Many years ago in a relational database world, increasing the scalability and performance of a software system was fairly simple

Modify your application/SQL to run more efficiently – Performance tuning.
Increase your hardware resources. Scaling up means bigger machines, more processors, disk storage and memory. This gets expensive and there are some real limits on how high we can go.

But with ever increasing internet-scale data and the applications’ need for fast querying and fast analytics, the relational databases have quickly hit their upper limit. In such cases it is no longer acceptable to run a single server with a single database. The alternative is to use lots of small machines in a cluster. This is the basis for the NoSQL movement.

There are many advantages of running a NoSQL database in a cluster.

It’s cheaper, since we can use commodity hardware.
It’s more resilient, even if individual machines fail, the cluster can keep going providing high reliability.
They are mostly open-source. So no need for expensive licenses with big corporations.
They are schema-Less which enables rapid development and more flexibility.
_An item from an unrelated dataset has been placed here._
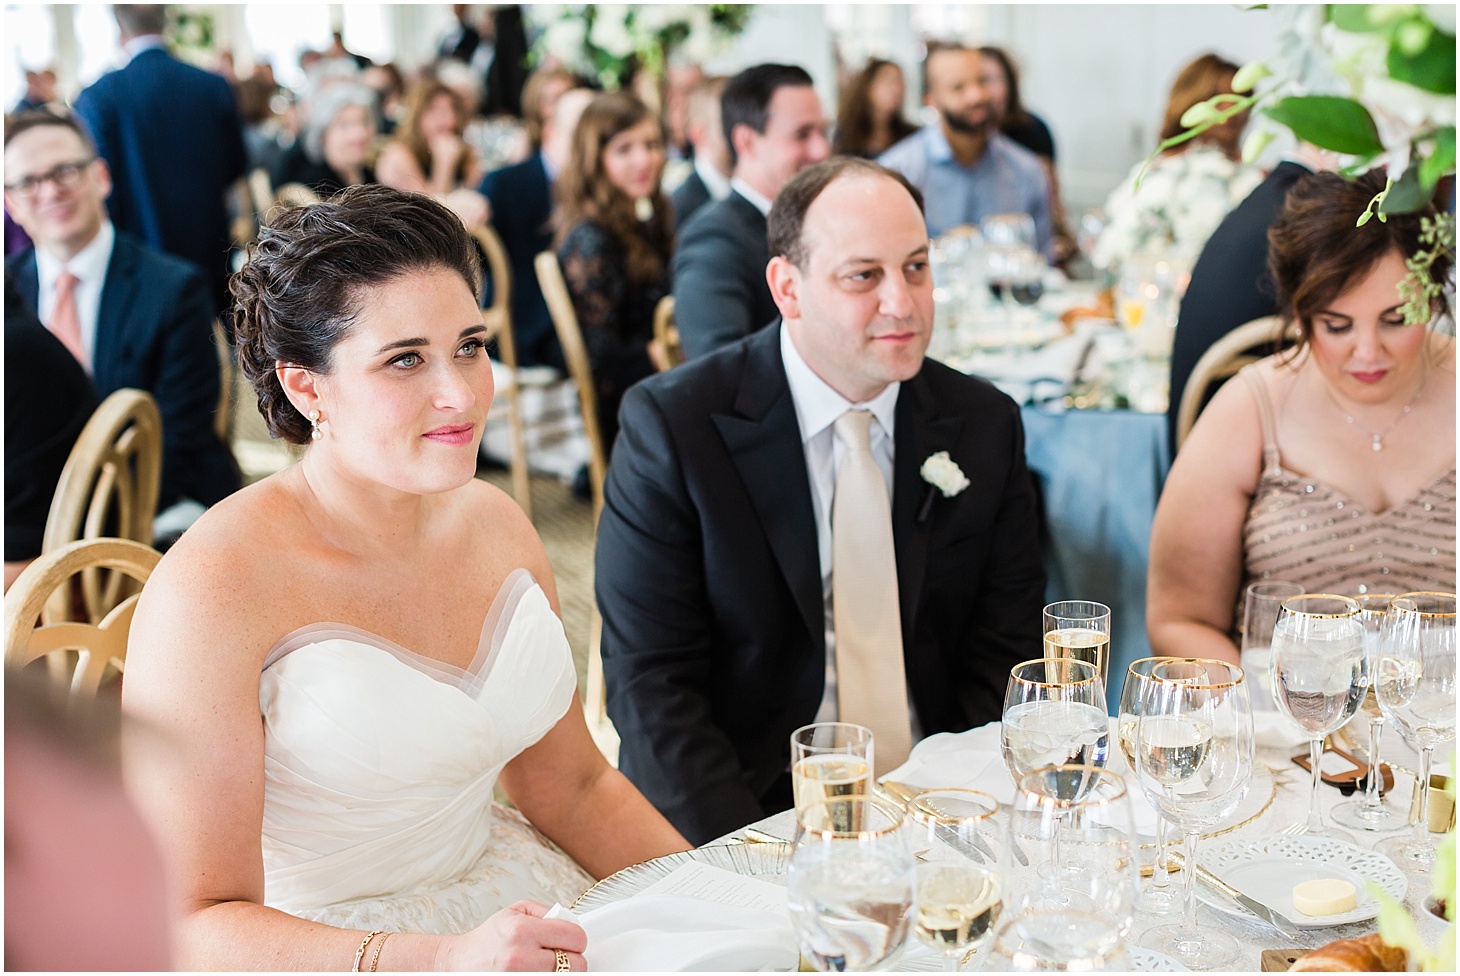 Wedding Reception at the Hay-Adams Hotel | Winter Brunch Wedding at Hay-Adams Hotel in DC | Sarah Bradshaw Photography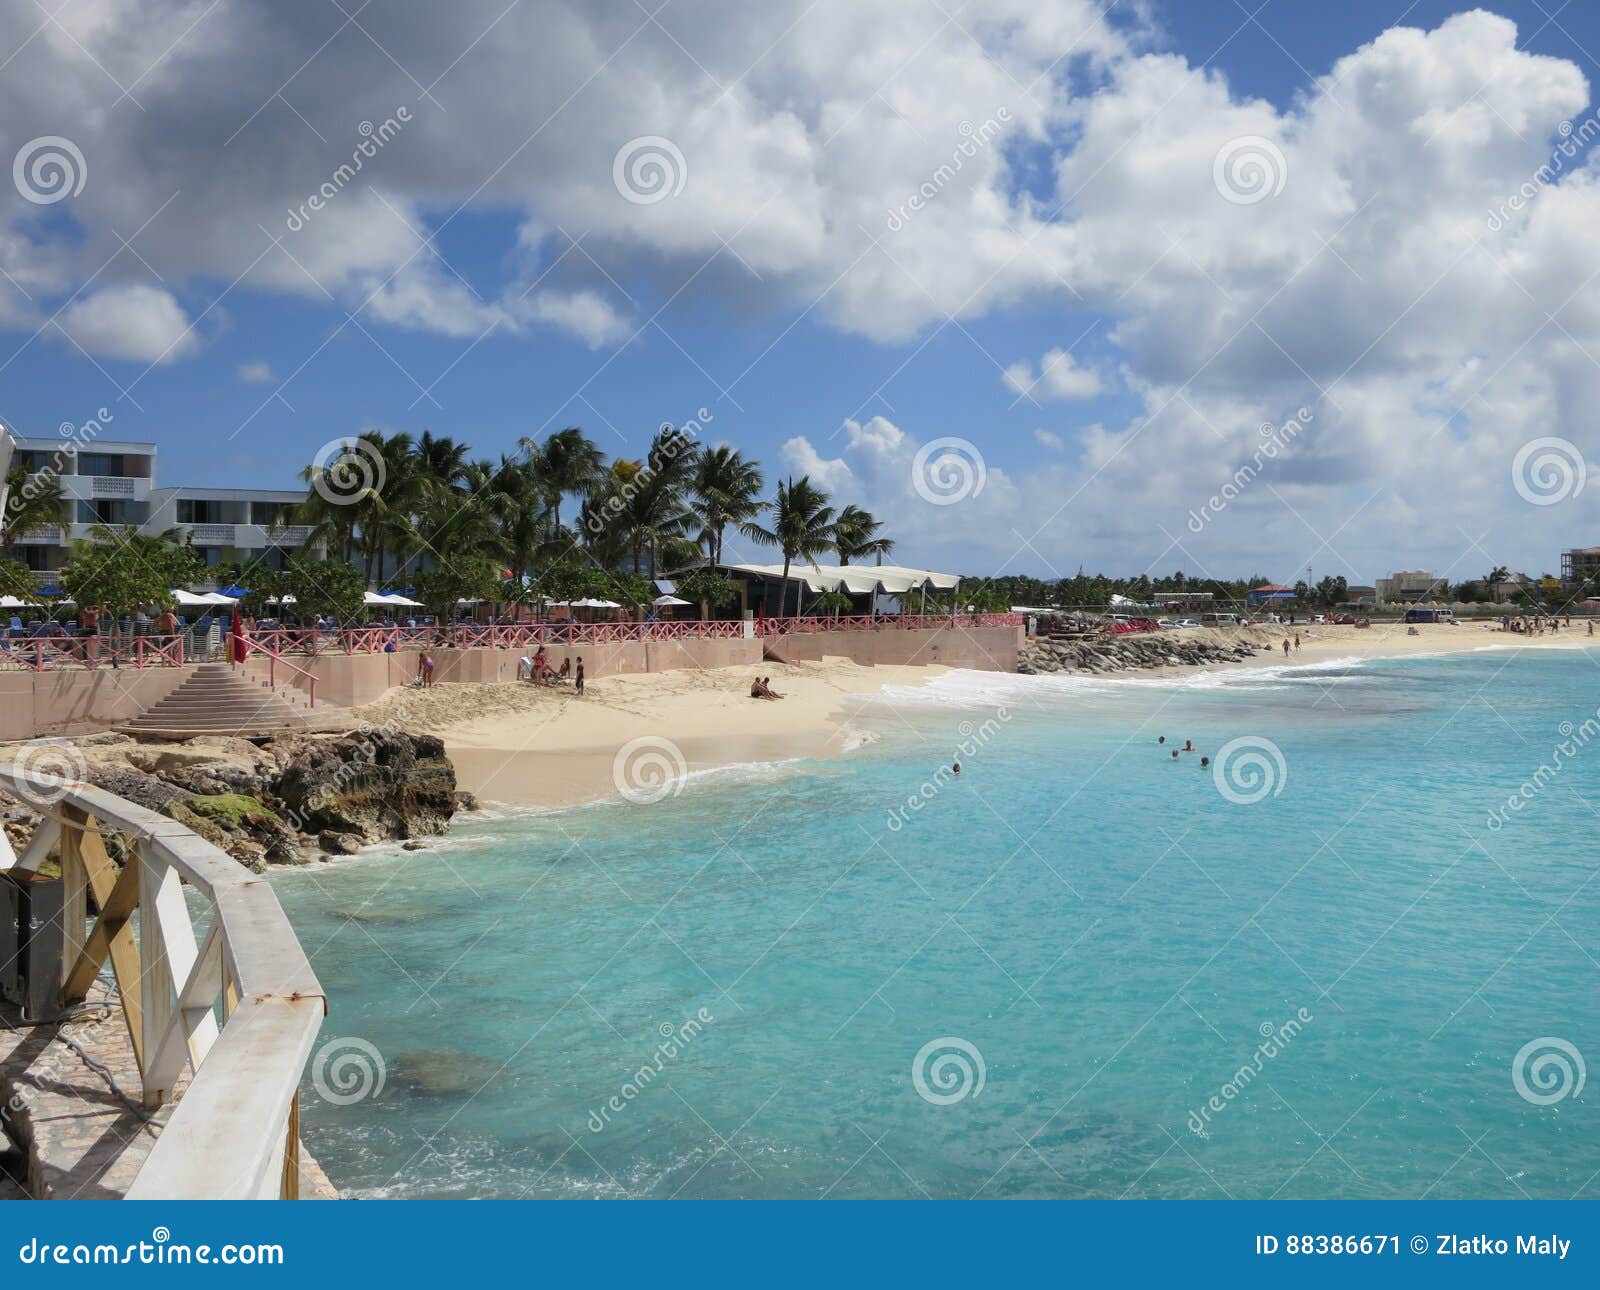 Maho Beach Hotel Sint Maarten Stock Image Image Of Cayman

However, like any other solution it comes with some trade-offs. Eric Brewer defines these trade-offs in what is called CAP Theorem.

Every distributed system has 3 main attributes :-

Consistency (C) – All nodes in the cluster see the same data at the same time

Availability (A) – Every request to the cluster gets a response, even if individual nodes in the cluster are broken

Partition Tolerance (P) – The cluster continues to work despite any network failure that divides the cluster into multiple partitions.

What exactly is Partition Tolerance ?

Look at the diagram below

We have many nodes that store data distributed across the world. Literally speaking these nodes are computers connected using networks. Any communication breakages in networks can and do happen. In this example, by just having two failures in the network, our cluster gets divided into two partitions unable to communicate with each other. Partition Tolerance is defined as the ability of a cluster to continue functioning even when there is network partition.

CAP Theorem

It states In a distributed system, given the three options of consistency, availability and partition tolerance, we can only guarantee two of them.

Lets look at it with an example.

cap

The first partition contains Node1 and Node3 and the second one contains Node2.

In this scenario, Node2 is not receiving any updates written to Node1 and Node3. Similarly Node1 and Node3 are not receiving any updates written to Node2. In such a case we have two options.

Keep Node2 Alive – This will make sure all nodes are available, but they will not be consistent. The nodes are available and partition tolerant but not consistent. We are sacrificing consistency for achieving more availability.
Kill Node2 – If we shutdown node2, there will be only 2 nodes (node1 and node3) which are both consistent. In this case we have sacrificed some availability to achieve consistency.

Practically speaking what CAP theorem states is that, In a system that may suffer partitions, you have to trade-off consistency vs availability. Also this isn’t a binary decision, as seen in the Kill Node2 example above. We can sacrifice a little availability for consistency.